### GOAL OF THE EXERCISE:
Write the records out exactly as shown. No pictures.

++++ RECORDS FOR PROCESSING

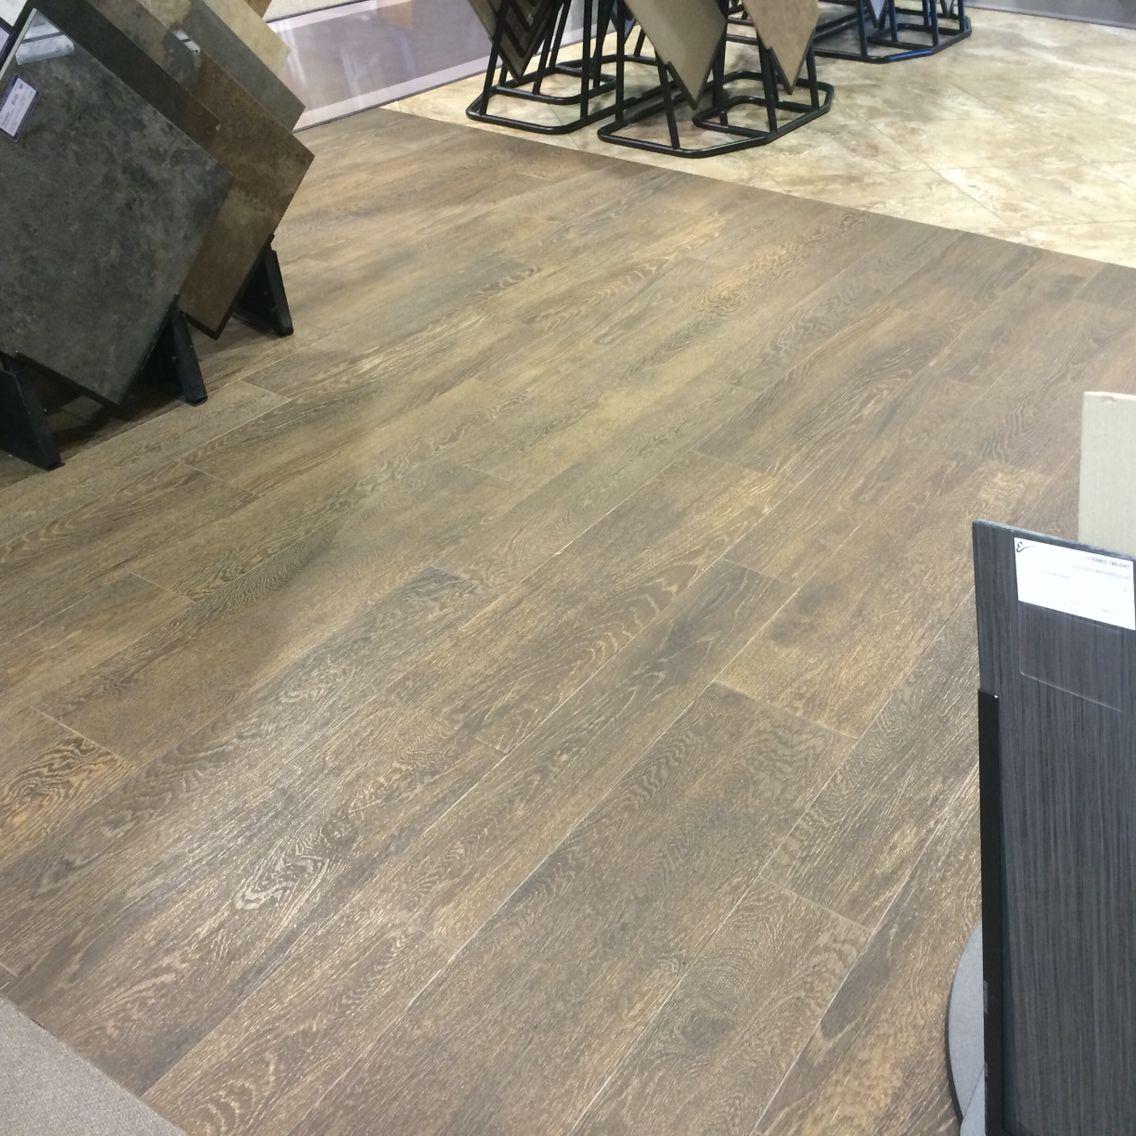 Ragno Cambridge Oak In Brown Tile That Looks Exactly Like
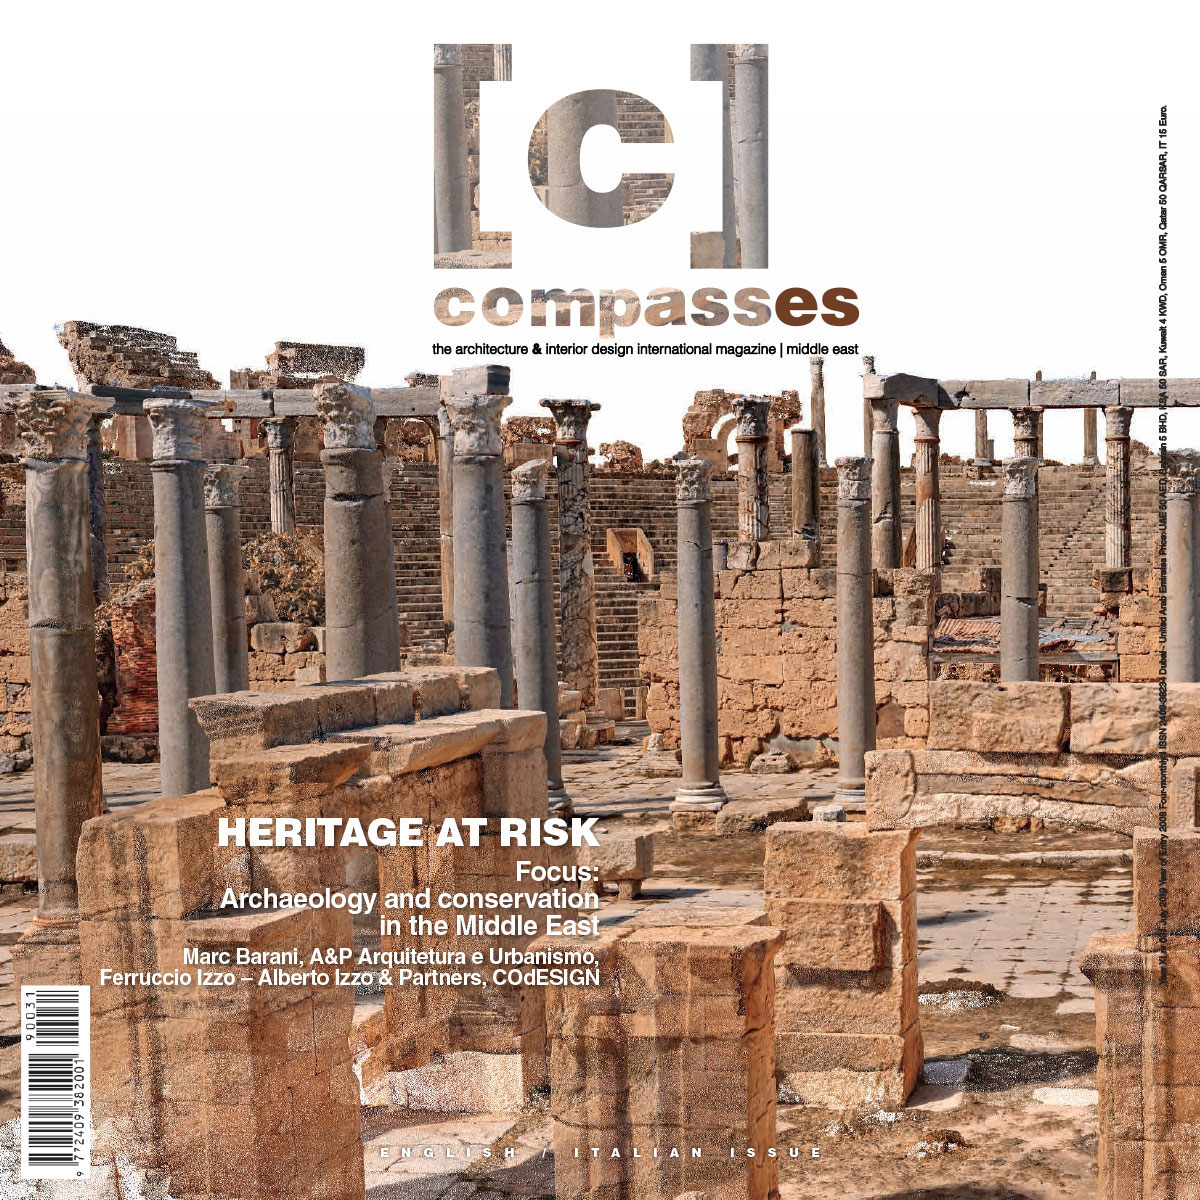 The Magazine Compasses Magazine The Architecture Interior Design International Network Middle East
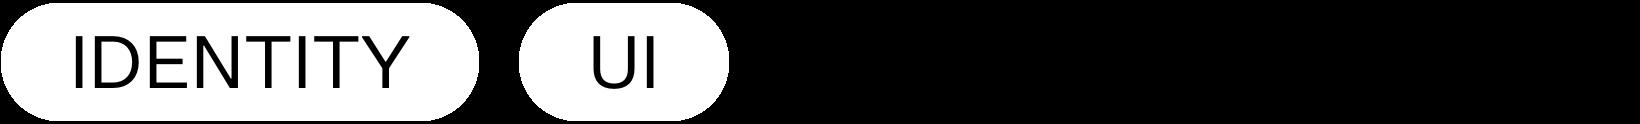 marcostoermer-namiki-tags
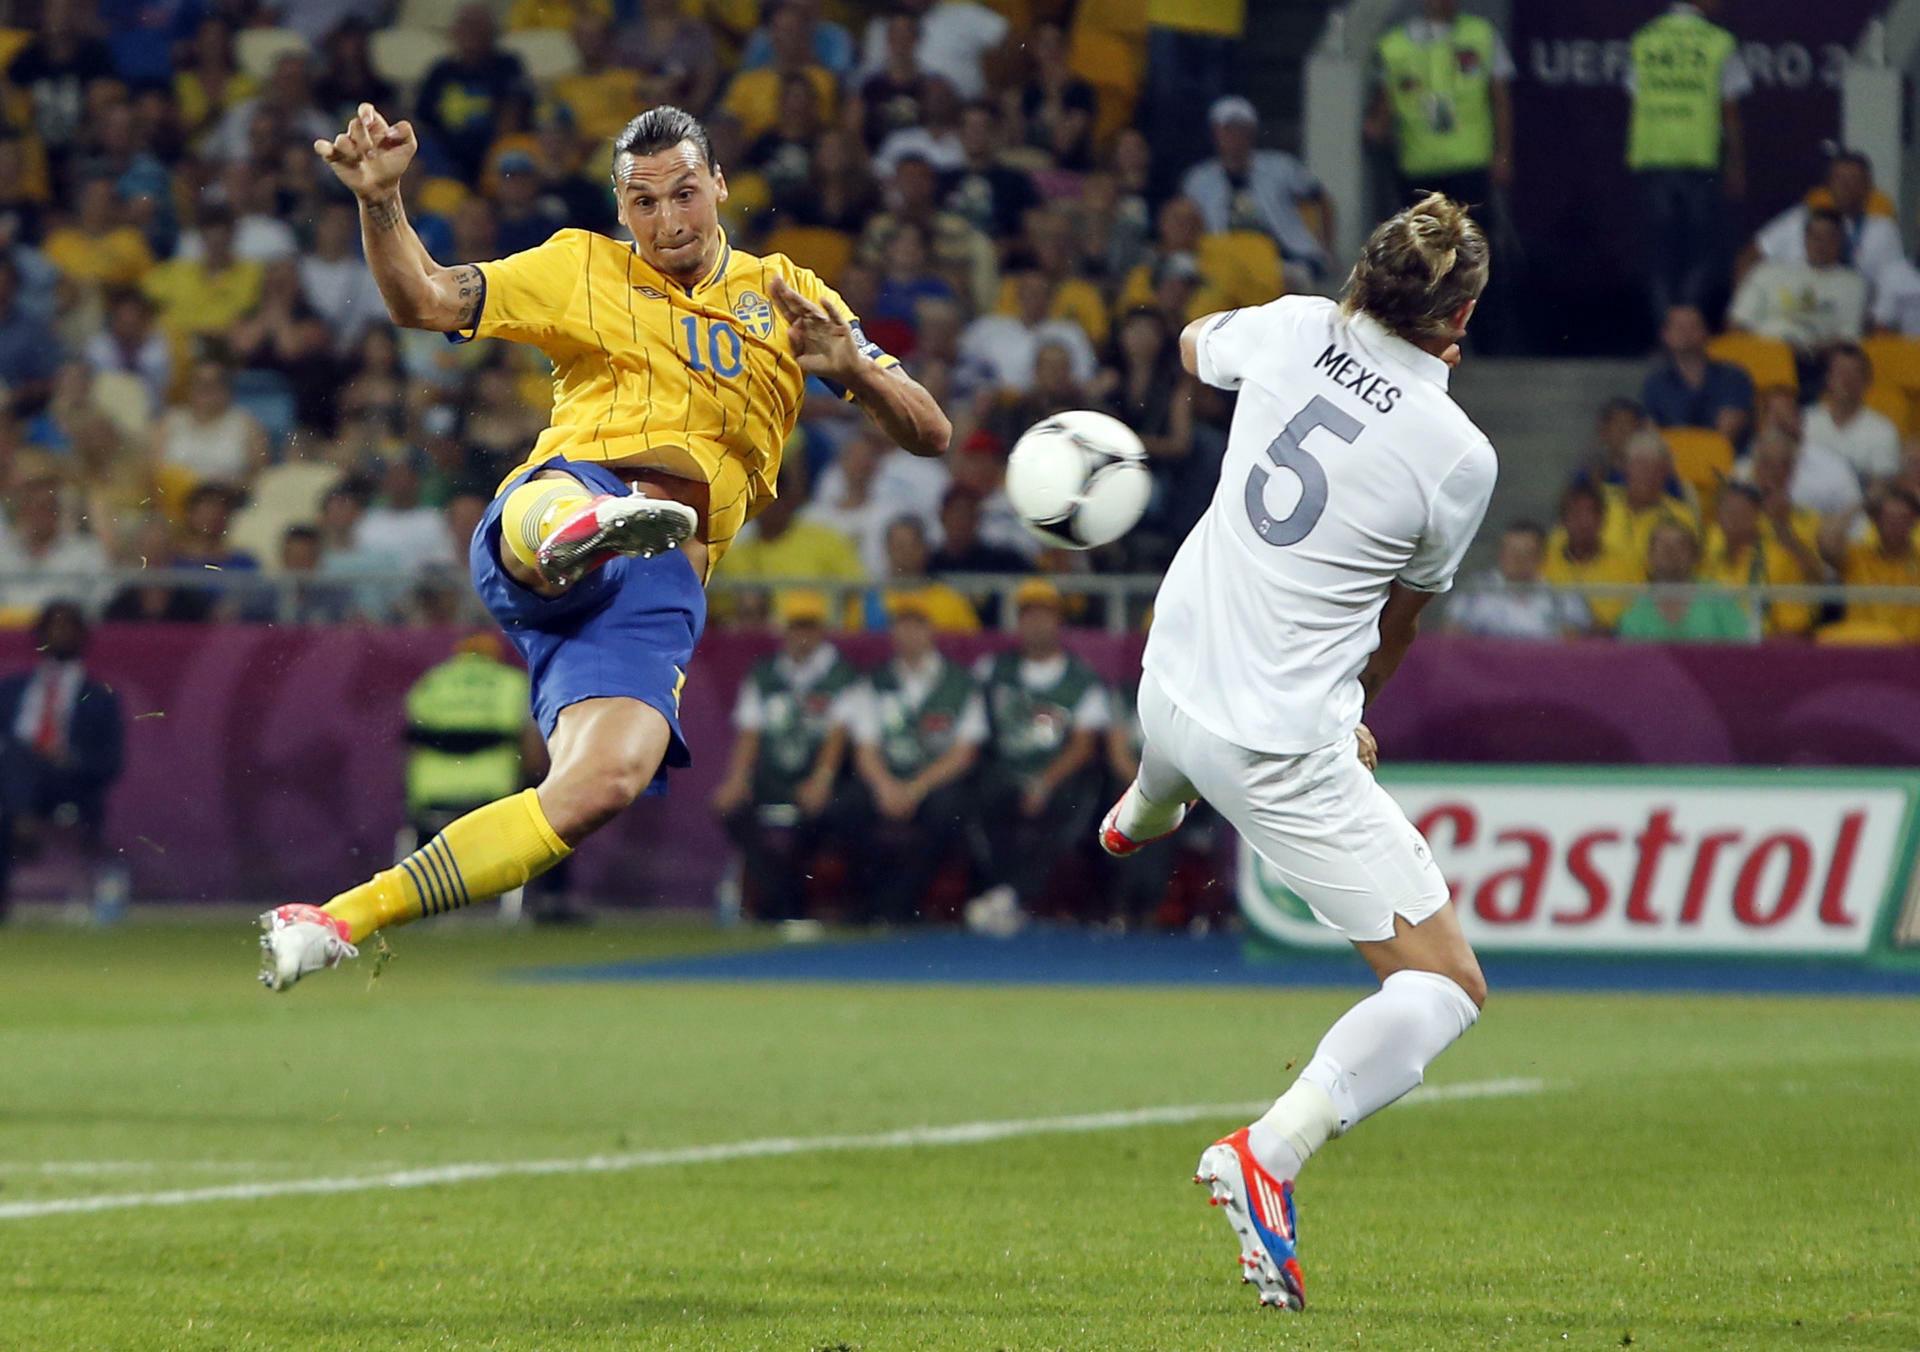 Zlatan Ibrahimovic Taekwondo Fallrückzieher Gegen England
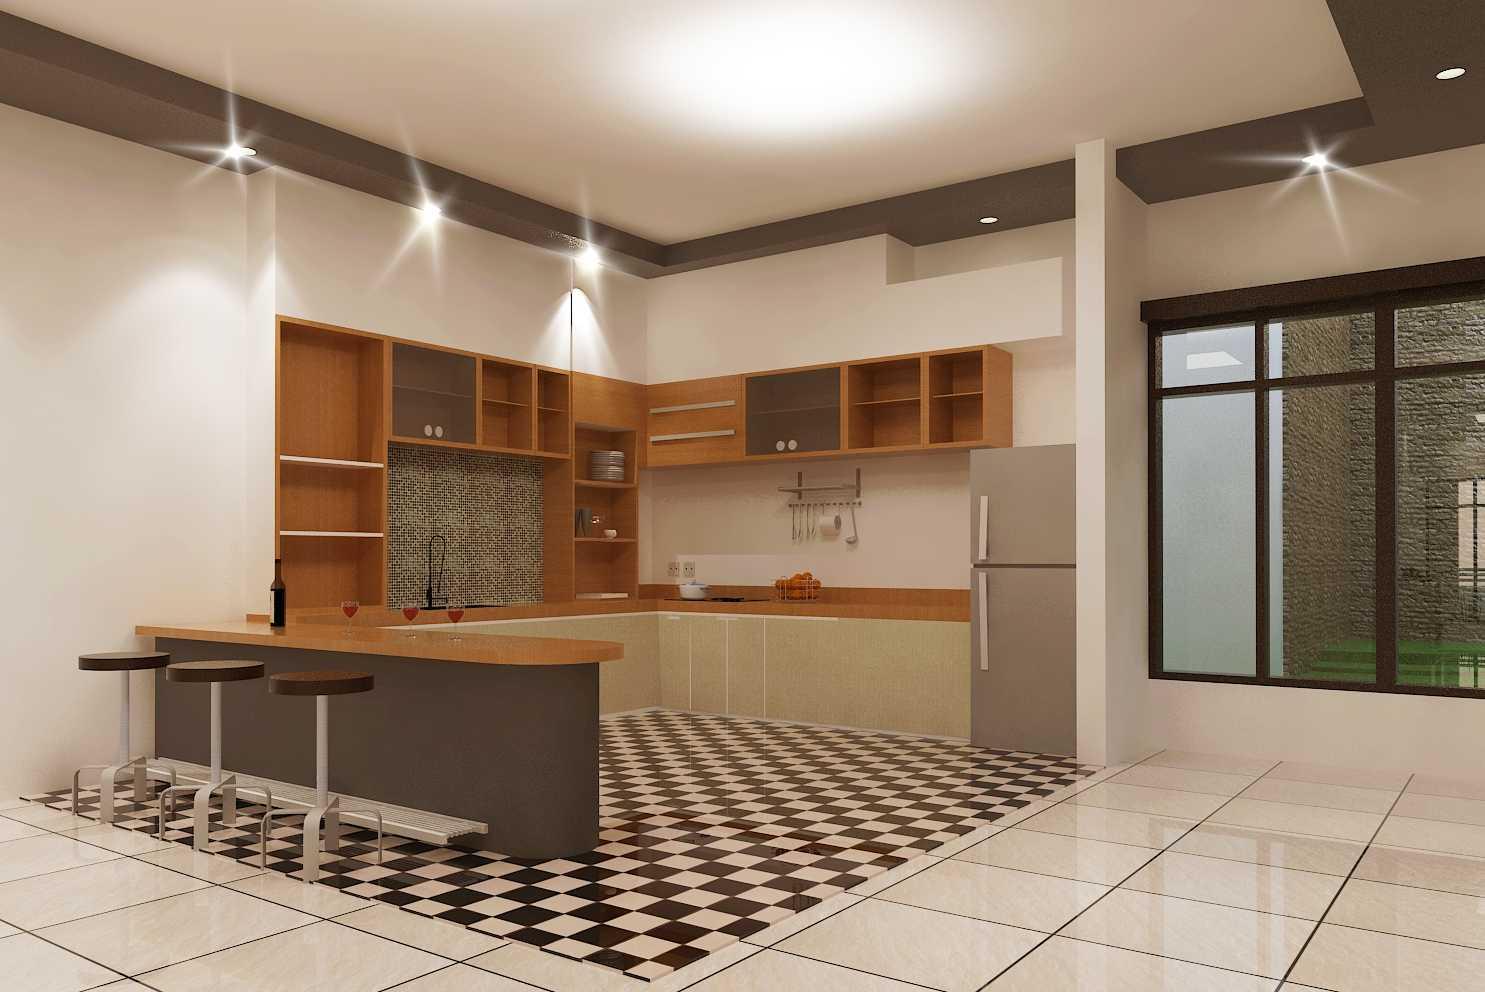 Archdesignbuild7 Rumah Tinggal 2 Lantai ( Minen )  Jl. Alfa Ii, Cigadung, Bandung Jl. Alfa Ii, Cigadung, Bandung Kitchen Minimalis 20150
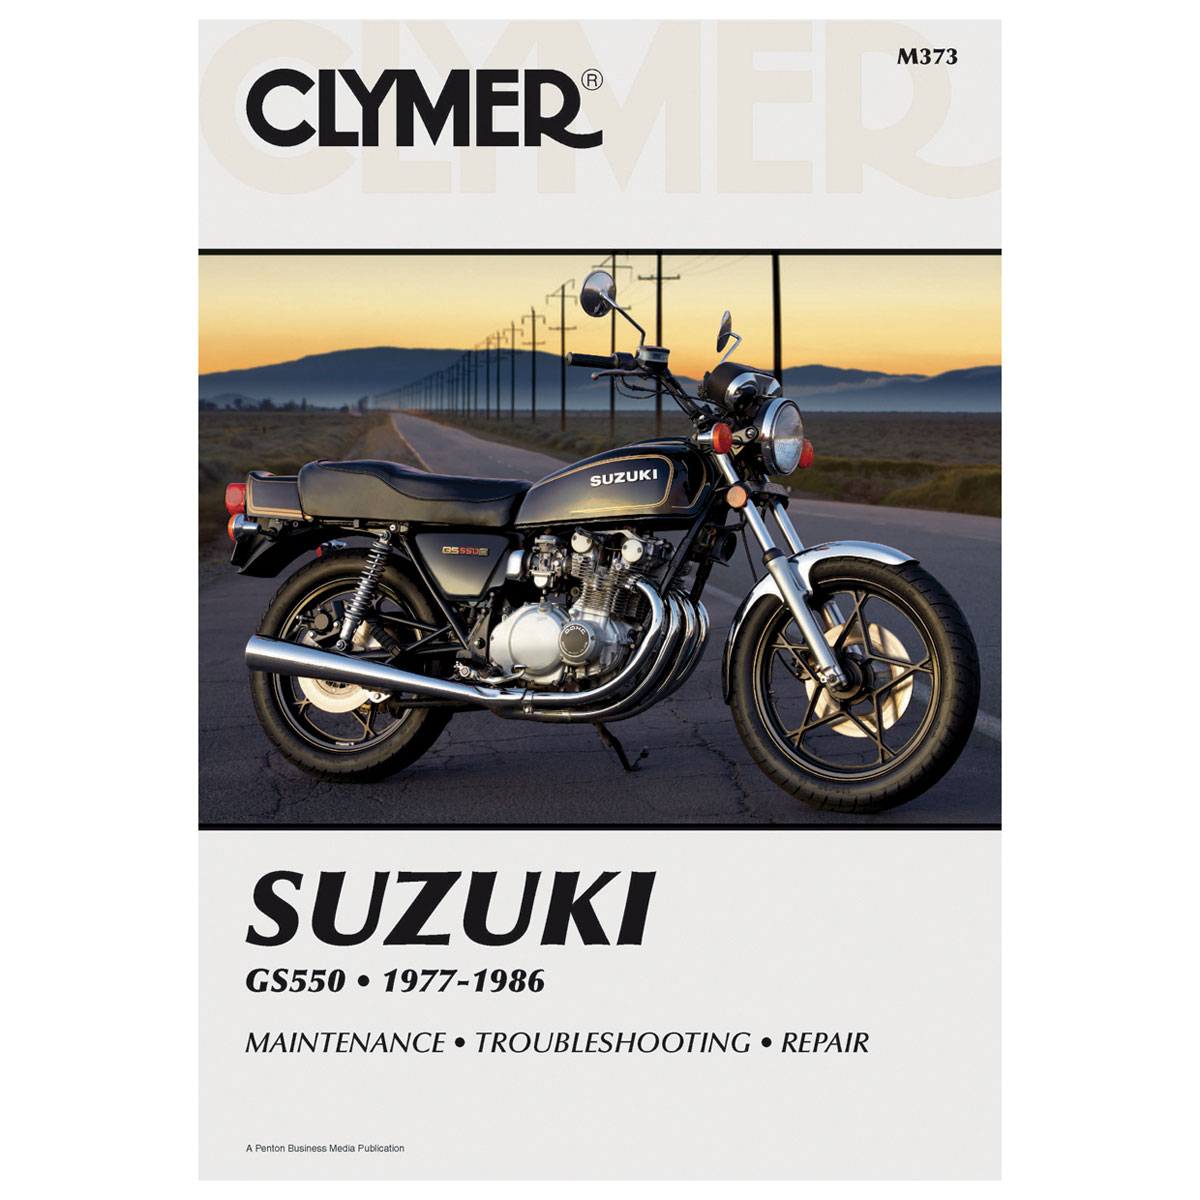 Clymer Suzuki Motorcycle Repair Manual - M373

++++++++

### EXERCISE SOLUTION:
 Ragno Cambridge Oak In Brown Tile That Looks Exactly Like
 The Magazine Compasses Magazine The Architecture Interior Design International Network Middle East
 marcostoermer-namiki-tags
 Zlatan Ibrahimovic Taekwondo Fallrückzieher Gegen England
 Archdesignbuild7 Rumah Tinggal 2 Lantai ( Minen )  Jl. Alfa Ii, Cigadung, Bandung Jl. Alfa Ii, Cigadung, Bandung Kitchen Minimalis 20150
 Clymer Suzuki Motorcycle Repair Manual - M373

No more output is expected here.